Division of Hematology-Oncology, Department of Medicine, Samsung Medical Center, Sungkyunkwan University School of Medicine, Seoul, 06351, Korea.
Biomedical Research Institute, Samsung Medical Center, Sungkyunkwan University School of Medicine, Seoul, 06351, Korea.
Breast Cancer Res Treat. 2020 Nov;184(2):325-334. doi: 10.1007/s10549-020-05874-1. Epub 2020 Aug 18.
We investigated the expression profiles of immune genes in patients with triple-negative breast cancer (TNBC) to identify the prognostic value of immune genes and their clinical implications.
NanoString nCounter Analysis of 770 immune-related genes was used to measure immune gene expression in patients with TNBC who underwent curative surgery followed by adjuvant chemotherapy at Samsung Medical Center between 2000 and 2004. Statistical analyses were conducted to identify the associations between gene expression and distant recurrence-free survival (DRFS).
Of 1189 patients who underwent curative BC surgery, 200 TNBC patients were included and stage was the only clinical factor predictive of DRFS. In terms of immune genes, 155 of 770 genes were associated with DRFS (p < 0.01). Further multivariate analysis revealed that 13 genes, CD1B, CD53, CT45A1, GTF3C1, IL11RA, IL1RN, LRRN3, MAPK1, NEFL, PRKCE, PTPRC, SPACA3 and TNFSF11, were associated with patient prognosis (p < 0.05). The prognostic value of stage and expression levels of 13 immune genes was analyzed and the area under the receiver operating characteristic curve (AUC) was 0.923. Based on the AUC, we divided patients into three genetic risk groups and DRFS rate was significantly different according to genetic risk groups, even in the same stage (p < 0.001).

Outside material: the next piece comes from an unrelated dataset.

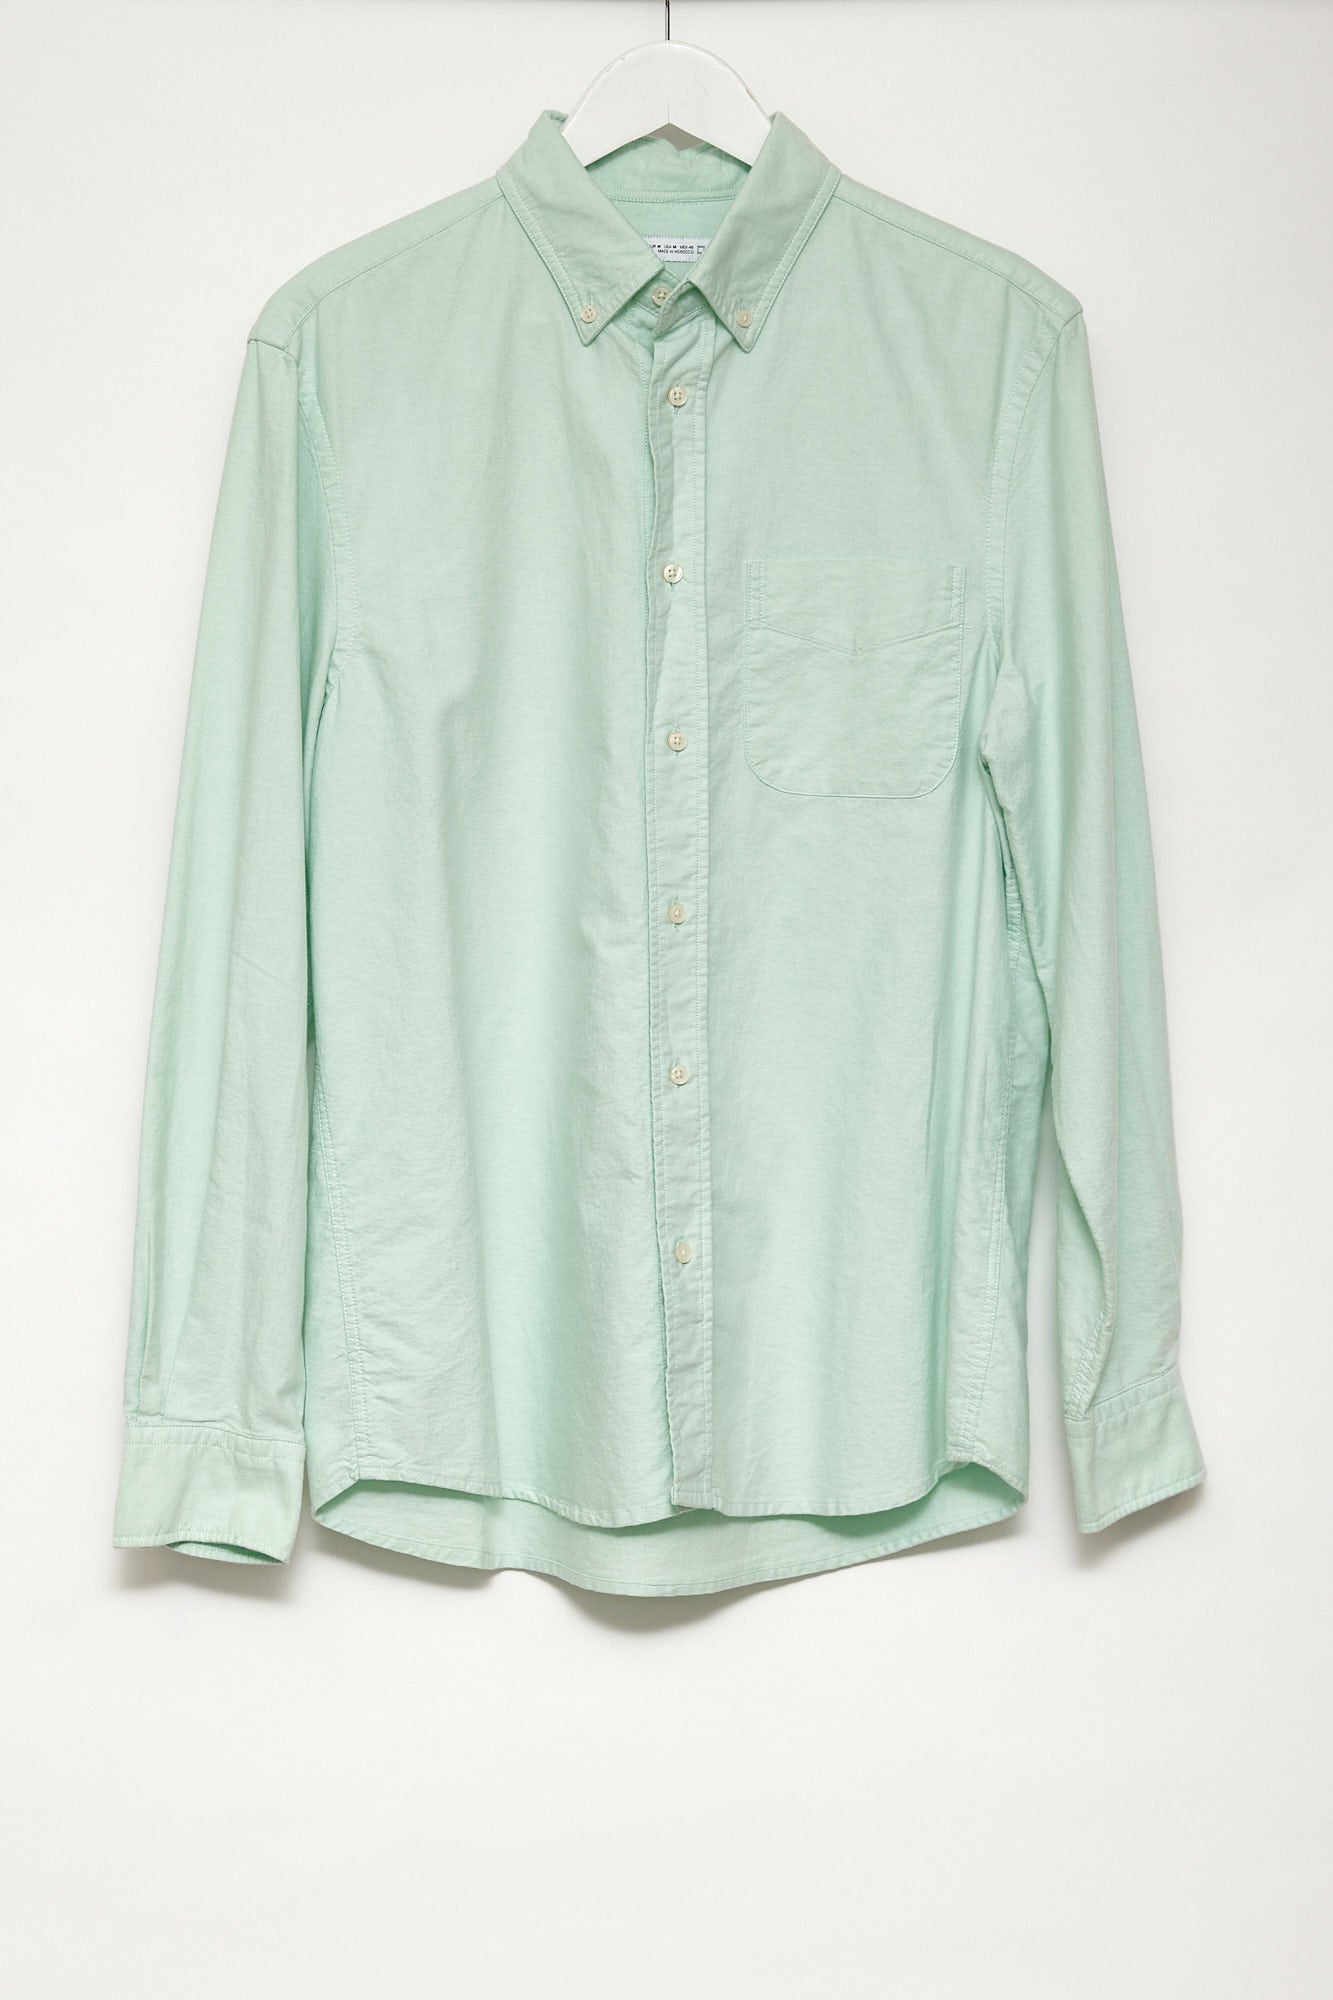 Mens Zara Light green Oxford shirt size Large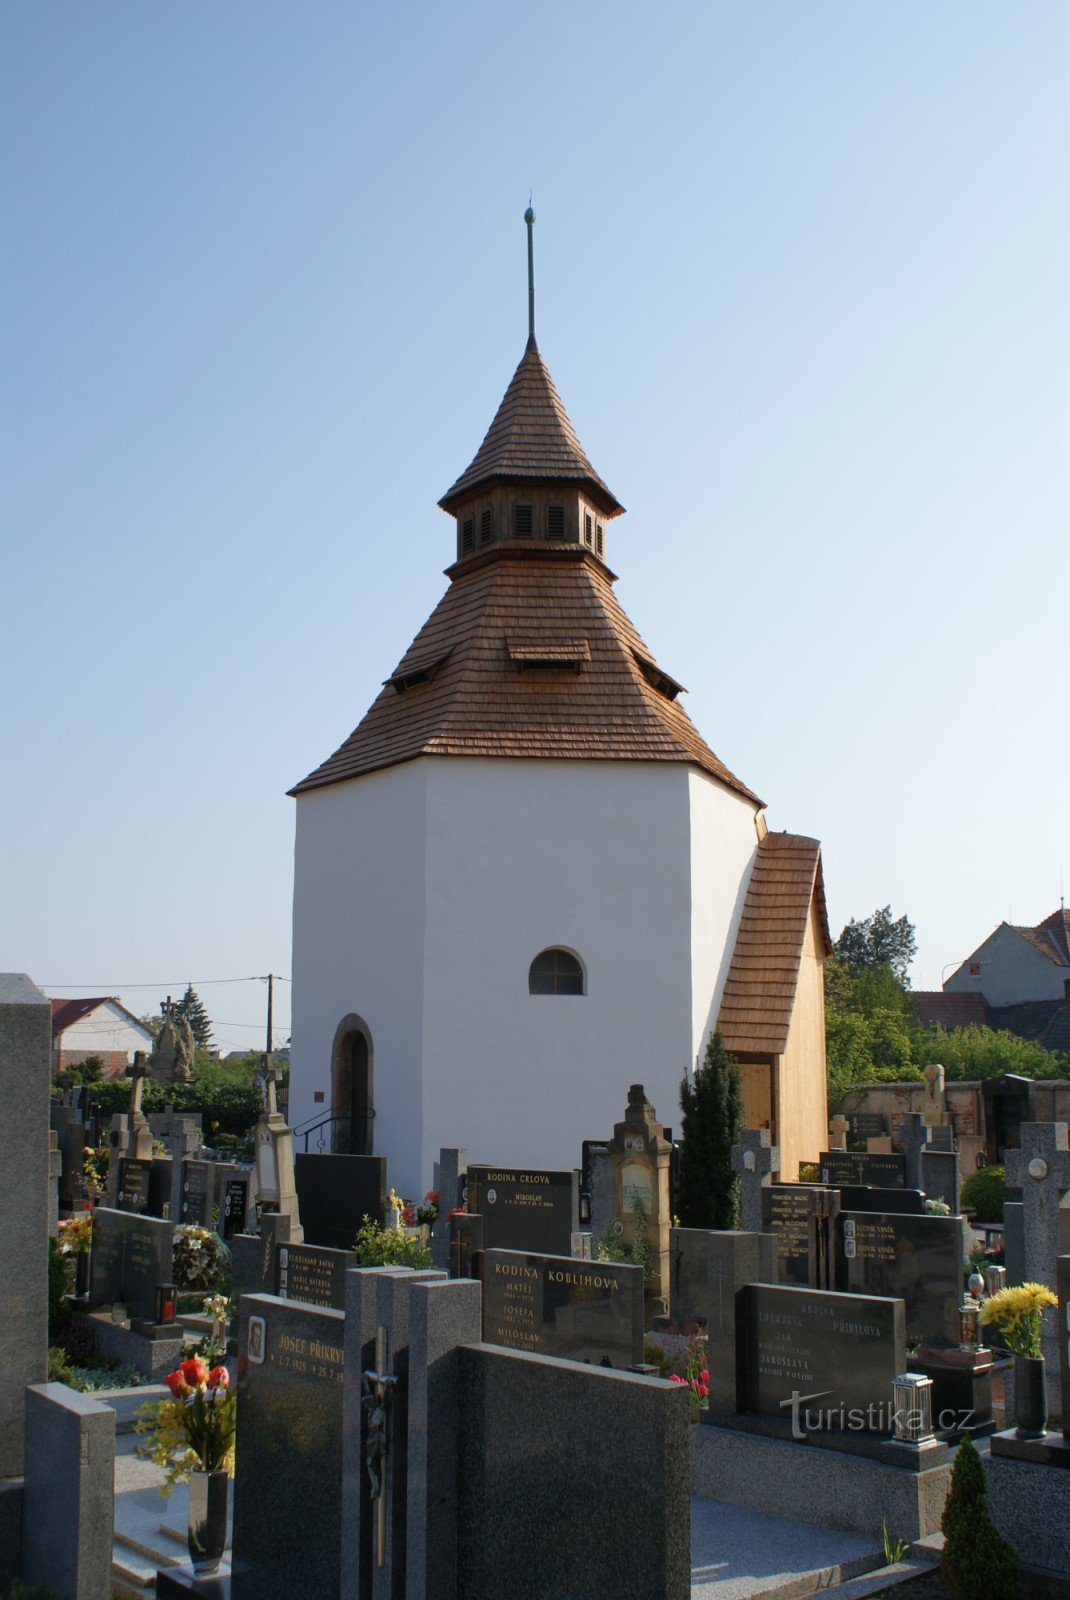 Staré Město koło Uh. Hradiště – teren cmentarny z kościołem św. Archanioł Michał

In this study, a 13-gene expression profile in combination with stage precisely predicted distant recurrence of early TNBC. Therefore, this 13-immune-gene signature could help predict TNBC prognosis and provide guidance for treatment as well as the opportunity to develop new targets for immunotherapy in TNBC patients.
我们研究了三阴性乳腺癌(TNBC)患者免疫基因的表达谱,以确定免疫基因的预后价值及其临床意义。
在 2000 年至 2004 年期间,在三星医疗中心接受根治性手术和辅助化疗的 TNBC 患者中,使用 NanoString nCounter 分析了 770 个免疫相关基因,以测量免疫基因的表达。进行统计分析以确定基因表达与远处无复发生存(DRFS)之间的关联。
在接受根治性 BC 手术的 1189 例患者中,纳入了 200 例 TNBC 患者,而分期是唯一与 DRFS 相关的临床因素。就免疫基因而言,770 个基因中有 155 个与 DRFS 相关(p < 0.01)。进一步的多变量分析显示,13 个基因(CD1B、CD53、CT45A1、GTF3C1、IL11RA、IL1RN、LRRN3、MAPK1、NEFL、PRKCE、PTPRC、SPACA3 和 TNFSF11)与患者预后相关(p < 0.05)。分析了分期和 13 个免疫基因表达水平的预后价值,受试者工作特征曲线(ROC)下面积(AUC)为 0.923。基于 AUC,我们将患者分为三个遗传风险组,并且根据遗传风险组,即使在相同的分期,DRFS 率也有显著差异(p < 0.001)。
在这项研究中,结合分期的 13 个基因表达谱精确预测了早期 TNBC 的远处复发。因此,该 13 个免疫基因特征可帮助预测 TNBC 预后,并为治疗提供指导,并为 TNBC 患者的免疫治疗提供新的靶点机会。